Впрочем, это декабрь 1922 года, всего несколько месяцев спустя после высылки из страны большой группы несоветских писателей и ученых. А десять лет спустя Мандельштам знал по меньшей мере одного коммуниста - Гессена, который вызывал не мигрень, а чувство признательности за усилия на благо науки.
Какие в точности обстоятельства заставили и Максимова поспособствовать благу науки, пусть выясняют его биографы. Обстоятельства менялись стремительно, и ни в чем таком далее он не замечен. Изгибался в полном соответствии с "генеральной линией партии". И когда эта линия в 1937 году пронзила Гессена, Максимов без промедления воздал должное бывшему своему "единомышленнику".
Но в 1931 году они были рядом - подобно тому, как взаимно перпендикулярные оси координат пересекаются в одной точке. Этой точкой была Большая советская энциклопедия, в которой отдел естествознания в 1931 году возглавил Максимов, а за физику отвечал Гессен. И именно тогда Гессен написал для энциклопедии статью "Эфир".
Эта статья разгневала молодых ленинградских физиков-теоретиков, и они ответили ехидной фототелеграммой. Вот как об этом событии поведал Гамов в письме товарищу Сталину в январе 1932 года.
Дорогой товарищ!
Я поставлен в необходимость обратиться к Вам с письмом о том положении, в которое попала у нас в Союзе теоретическая физика. В течение нескольких лет на теоретическую физику ведутся непрекращающиеся нападки со стороны философов, объявляющих себя материалистами, но на деле беспрерывно скатывающихся в самые гнусные разновидности идеализма.
Причислив к таким философам Тимирязева и Гессена заодно, Гамов сообщил Сталину о "возмутительном факте" этого рода - о гессенской статье, "антинаучной чепухе, компрометирующей марксизм", напечатанной в издании, "предназначенном для просвещения широких масс и стоившем государству много денег".
Когда я и несколько моих друзей-теоретиков, работающих в Ленинградском физико-техническом институте, увидели эту смехотворную статью, в которой утверждалось, что "физика только теперь приступает к изучению эфира", мы послали Гессену ироничную телеграмму: "Прочитав Вашу статью, с энтузиазмом приступаем к изучению эфира. Ждем руководящих указаний о флогистоне и теплороде" (теория флогистона и теплорода - это старинные теории, отвергнутые более ста лет тому назад и ставшие синонимом научного хлама). Посылая эту телеграмму, мы имели в виду этим открыть кампанию против фальсификации научного материализма. Но Гессен не растерялся: он пожаловался в Президиум Коммунистической Академии.
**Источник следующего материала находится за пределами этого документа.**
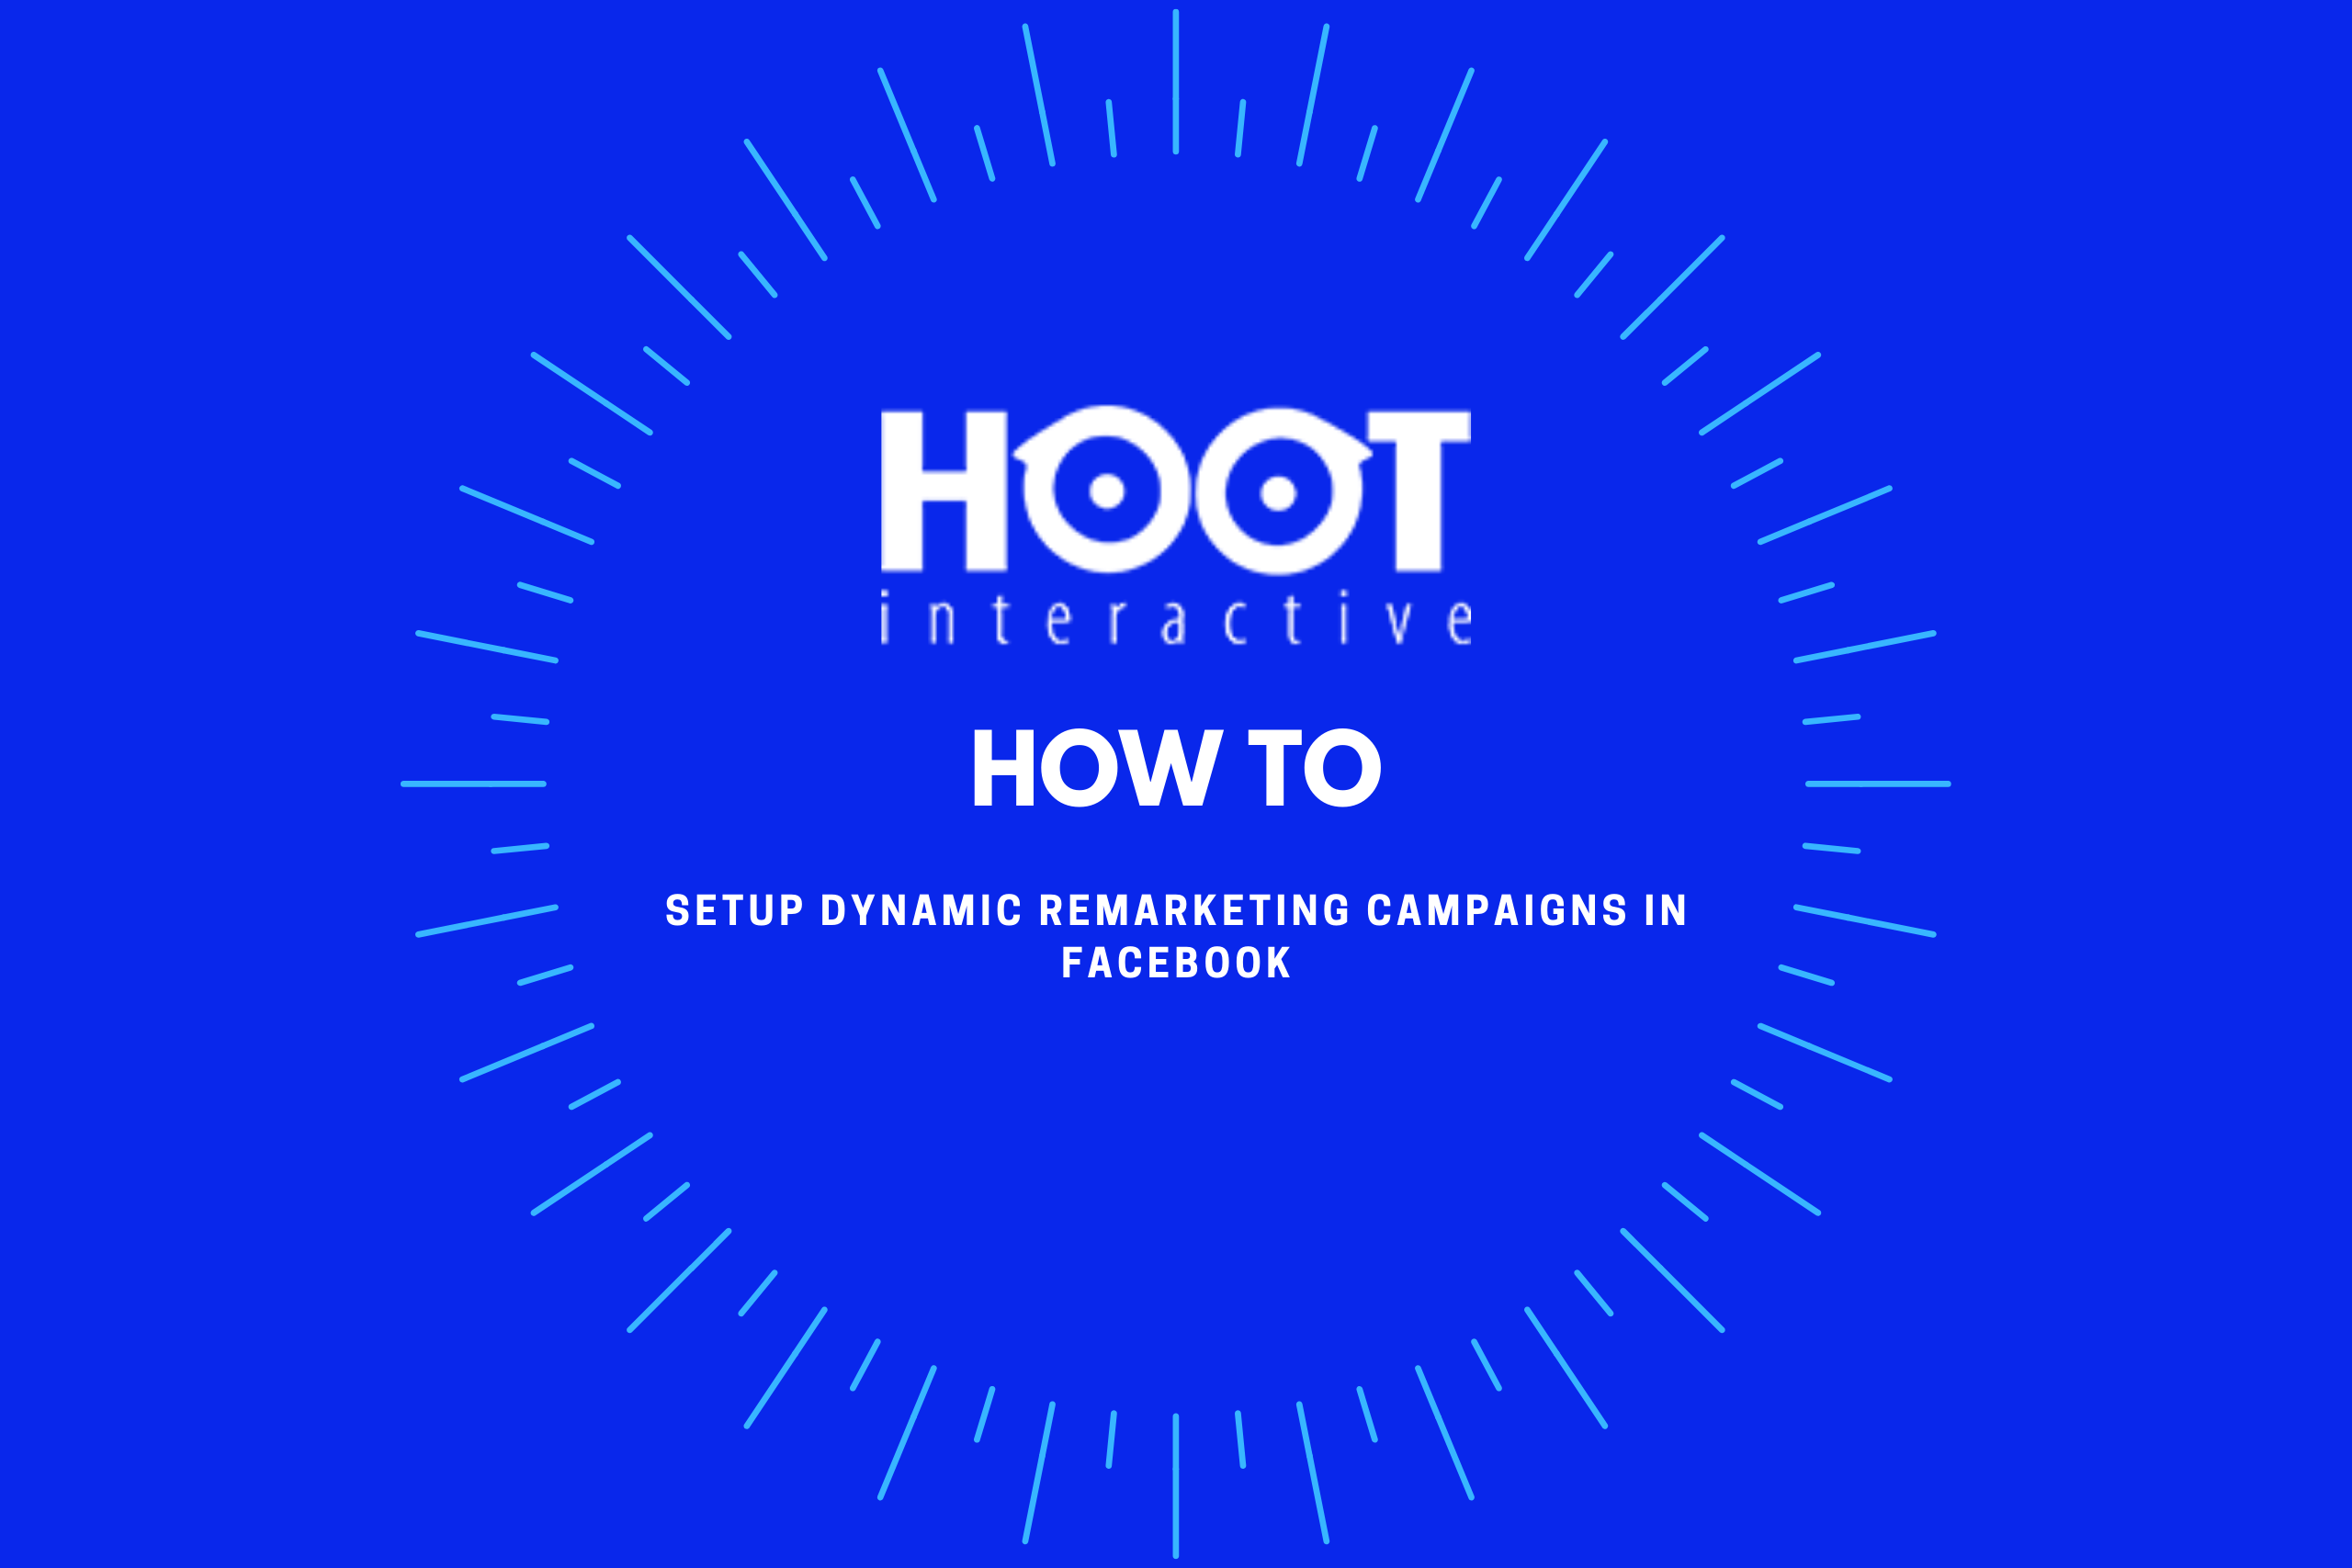 Hoot How To: Setup Dynamic Remarketing Campaigns in Facebook

В результате на общем собрании в Физико-техническом институте было устроено разбирательство. На подписавших телеграмму
посыпались самые отвратительные клеветнические обвинения, вроде того, что "будь они экспериментаторами, а не теоретиками, то они бросали бы бомбы в вождей революции; они не бросают бомб только потому, что не умеют". Напуганное собрание послушно проголосовало резолюцию, в которой утверждает, что посланная Гессену телеграмма послана из контрреволюционных побуждений.
И кончается письмо призывом о помощи:
Считая, что происшедшие в Физико-техническом институте события имеют большое значение, как пример вопиющего извращения политики партии в области науки, я жду, что Вы примете меры к ликвидации поднявшейся безобразной травли теоретической физики.
Увы, приходится признать, что Гамов идет тут по скользкому пути не только на территории "политики партии", но и "в области науки". В пылу самообороны он не отличает эфир Гессена от эфира Тимирязева, хотя разница была огромной. Чтобы увидеть это различие, надо еще сказать и о третьем эфире, о котором Эйнштейн писал в статье 1930 года "Проблема пространства, эфира и поля в физике".
Вряд ли у Сталина было время разбираться, чем эфир Эйнштейна отличался от эфира Тимирязева и чем - от эфира Гессена, но это надо сделать, чтобы понять подлинную роль Бориса Гессена в истории науки.
Тимирязев попросту получил свой эфир в наследство от физики XIX века, он его выучил в университете до появления теории относительности. И пронес в целости через всю жизнь. Твердые представления хороши в морали, но не в науке, особенно в период ее революционных изменений.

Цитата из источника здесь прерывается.